Sitting with my family bemoaning our Ryder Cup failure again, I explained that this is no different from managing money. We have a process. It’s based on data and research that stands up to scrutiny over the years and decades. It’s not the same process I used in 1988 when I came into the industry. I have had plenty of failures. And I will likely have plenty more. But I hopefully learn from them and reassess our process as needed. As I like to share with clients, long-term failure is not an option.
The weakest week of the weakest month of the year is now over. Unlike the warnings and cautionary advice from the media and pundits in late August, only a few of us discussed last week’s seasonal headwind. If you’re keeping score at home, the S&P 500 began the week at 6664 and ended at 6644 for a loss of 0.30%. So the trend continued to work, although I would be hard pressed to gloat about saving investors 0.30%, hence labeling it a headwind. In real time, we were able to prune some holdings a week ago and plant some new ones into the weakness because that was going to happen regardless.

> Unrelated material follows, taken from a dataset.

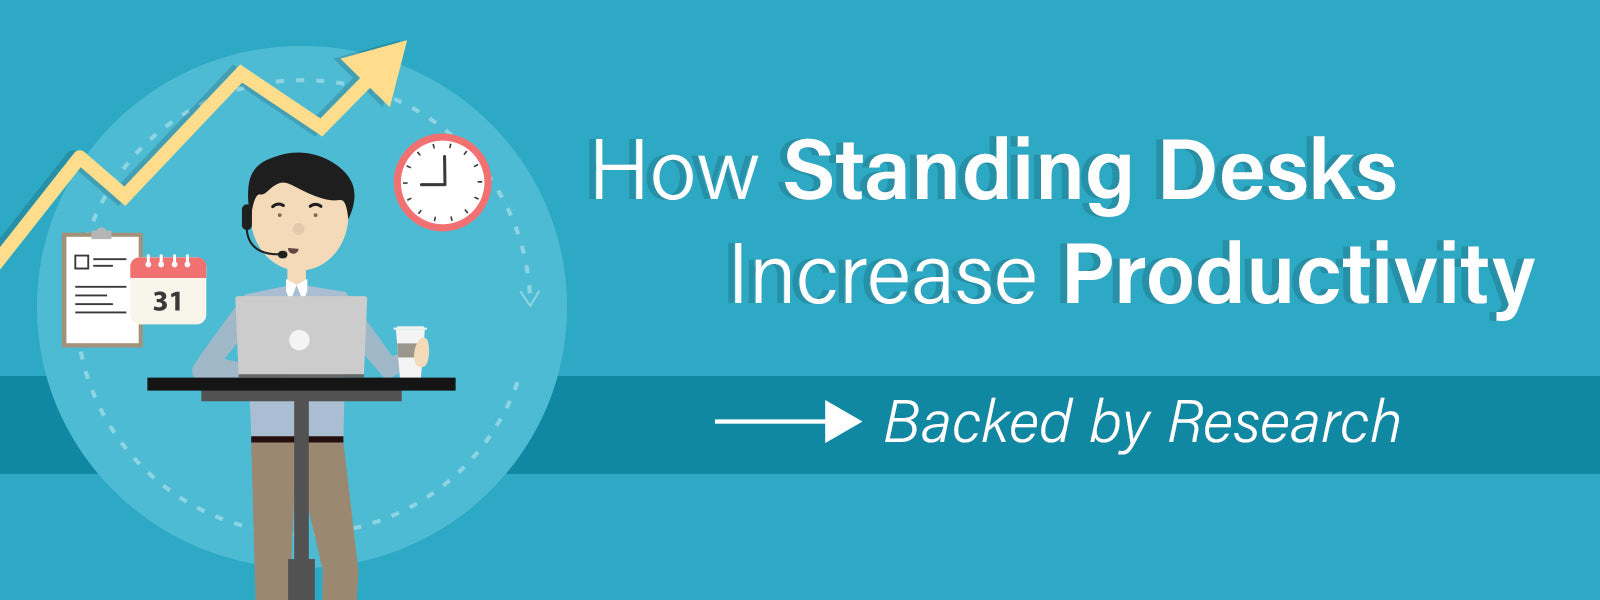 How Standing Desks Increase Productivity Backed By Research

More and more signs are popping that risk has increased substantially in the markets. The markets need at least a pause to refresh, if not a mild to moderate pullback which may or may not come. There has been a lot of chatter that this market resembles the Dotcom bubble. It doesn’t. Yet again, people who are lazy make uninformed comments without doing the research. It’s annoying.
On Friday, we bought EMB, more GO, more COST, and more IPO. We sold SSO.